You're listing things you apparently find improbable. They aren't convenient coincidences used to move the plot. None of these call into question the credibility of the show. Some of them actually misrepresent how far the show was willing to go to avoid being sloppy. You think it's a convenient coincidence that Skylar came around to Walt's behavior? She spent an entire season hating him with every breath and doing everything she could to get away from him. The only reason she's going along now is to help Hank.
:lmao: Please.SPOILER BELOW

Ok, here's another. Jesse goes to rehab meeting, meets up with a chick, who happens to have a younger brother who was on the streets working a corner. He and this chick become an item, when he learns that this same little brother is the kid who shot his buddy dead a season or two earlier. I mean come on.
You are both getting stuff wrong, missing some of the points of these "coincidences," and calling some things coincidences that aren't far fetched. A couple examples:- Why would someone look in a diaper box before the baby arrived? Doesn't seem far-fetched to me.

- Walt sitting next to the dad didn't advance the plot at all. It wasn't necessary, and therefore it's not a "convenient" coincidence. It was a deliberate move to show how all our lives cross. You can dislike that if you want, but that doesn't make it a convenient coincidence.

- Why would workers care about two white guys entering the building? There's a ton of people I pass every day around my office and I have no idea what they do. You're assuming people are inherently suspicious and assume there are criminal conspiracies around them in their everyday lives. They do not.

- People don't disclose things in real estate offerings all the time, because there's tens of thousands of dollars at stake.. It's stupid to complain about that as a "convenient coincidence."

- I don't understand why it's weird that nobody notices the hole in the ceiling.
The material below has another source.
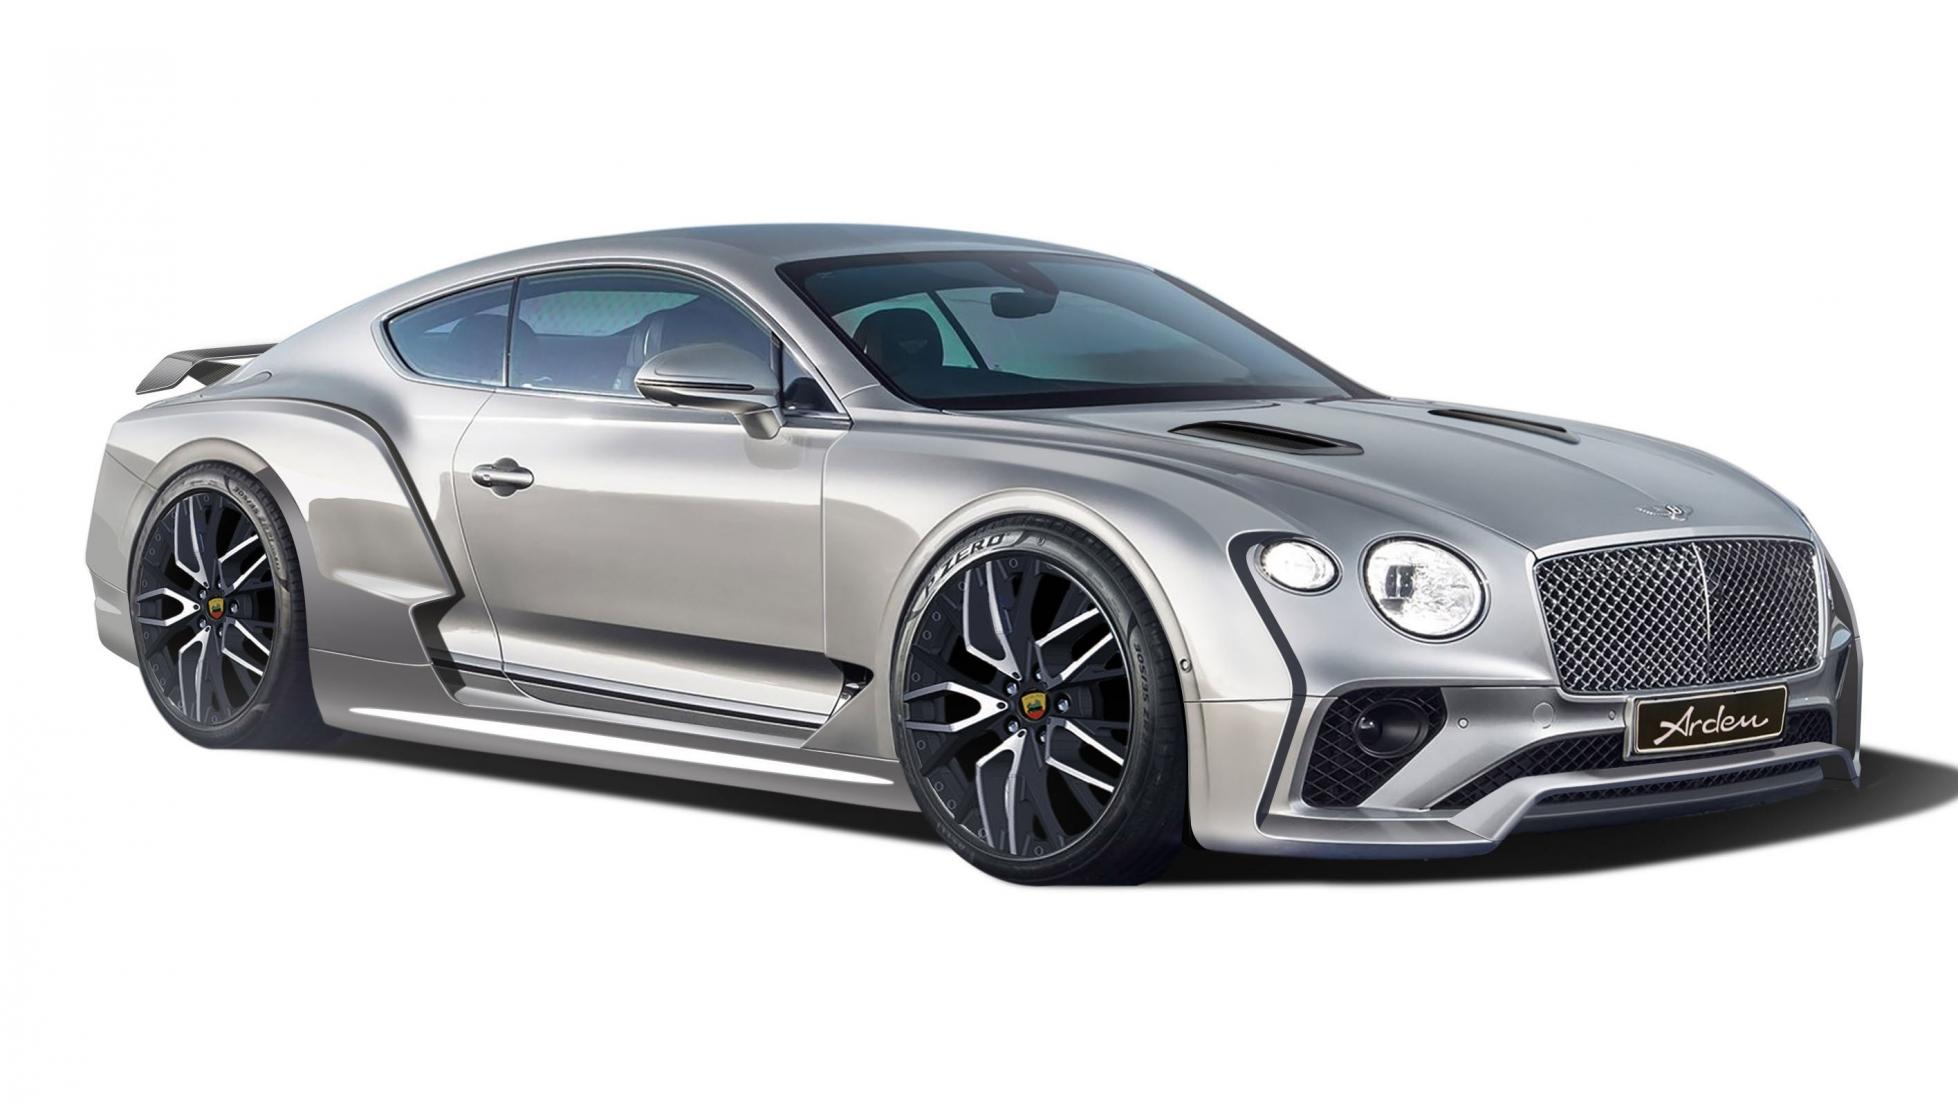 Tuner attacks Bentley Continental GT with carbonfibre

How could they unless they were in the house?

I could go on and on with stuff you listed that's either not the much of a coincidence or isn't "convenient" in that it wasn't needed to move the story forward.
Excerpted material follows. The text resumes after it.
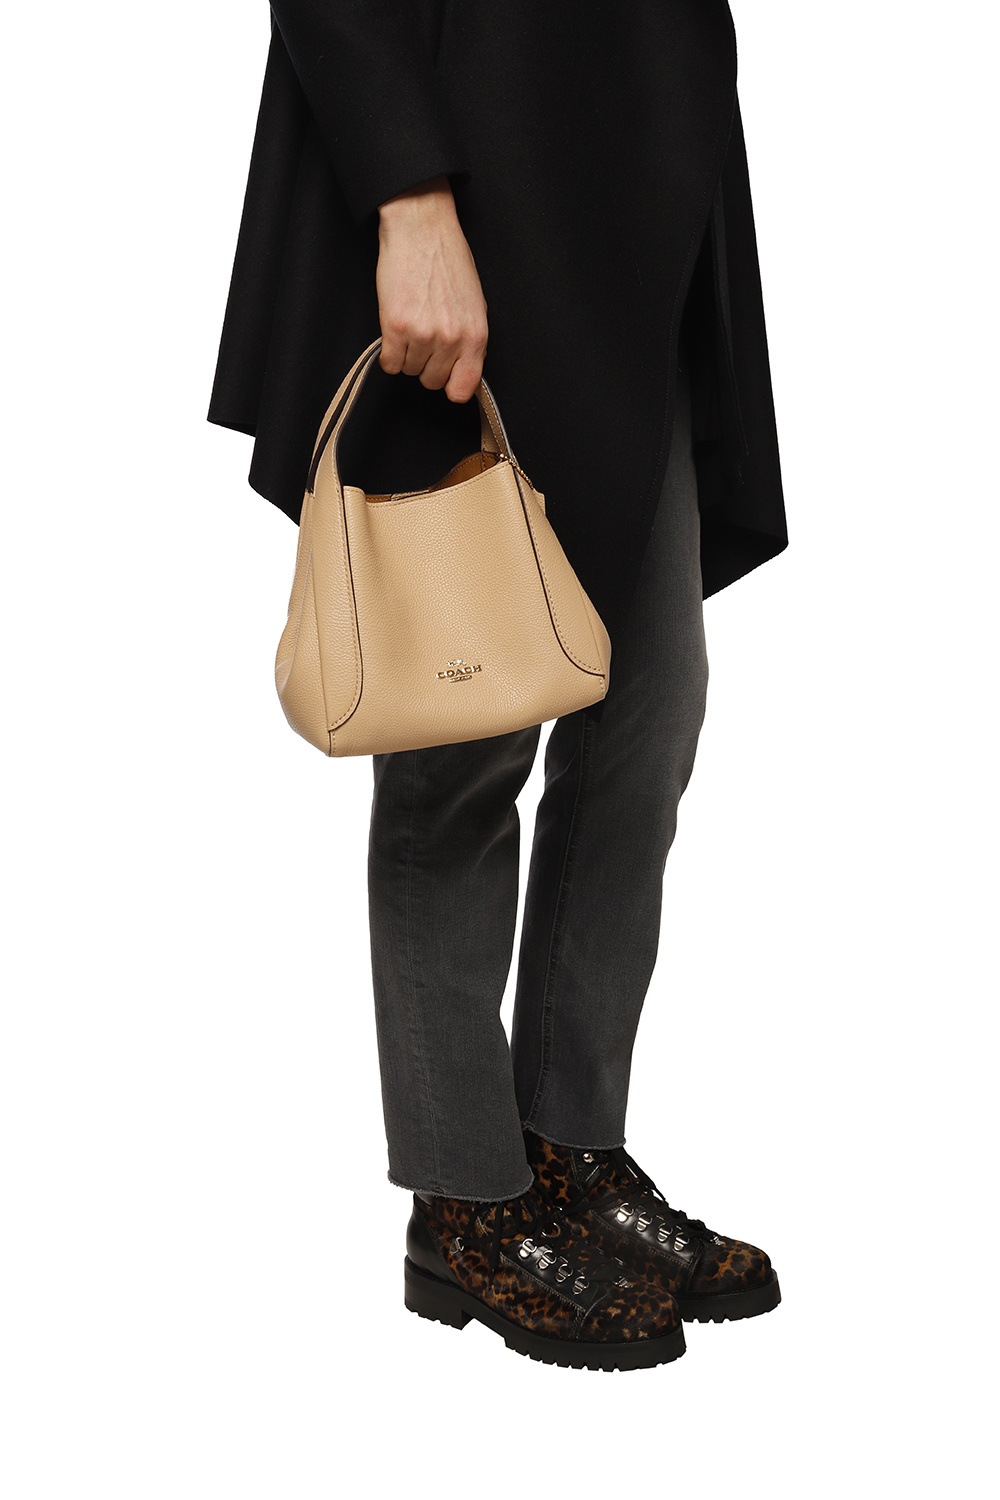 COACH DILLON SANDALS, Women's Bags, IetpShops

Like others have said,all the coincidences leading to the plane crash were a little beyond the pale, and I'll give you Hank showing up just in time to save them from Tuco as pushing it a bit, too. But those are the only two you listed that push suspension of disbelief at all, IMO. The rest is just standard storytelling stuff; people's lives intersecting, people catching good and bad breaks, people getting away with crimes or getting caught due to circumstances, etc. If you don't like the standard staples of fiction, maybe a mall security tape or sitting on a park bench watching ducks or something is more to your liking?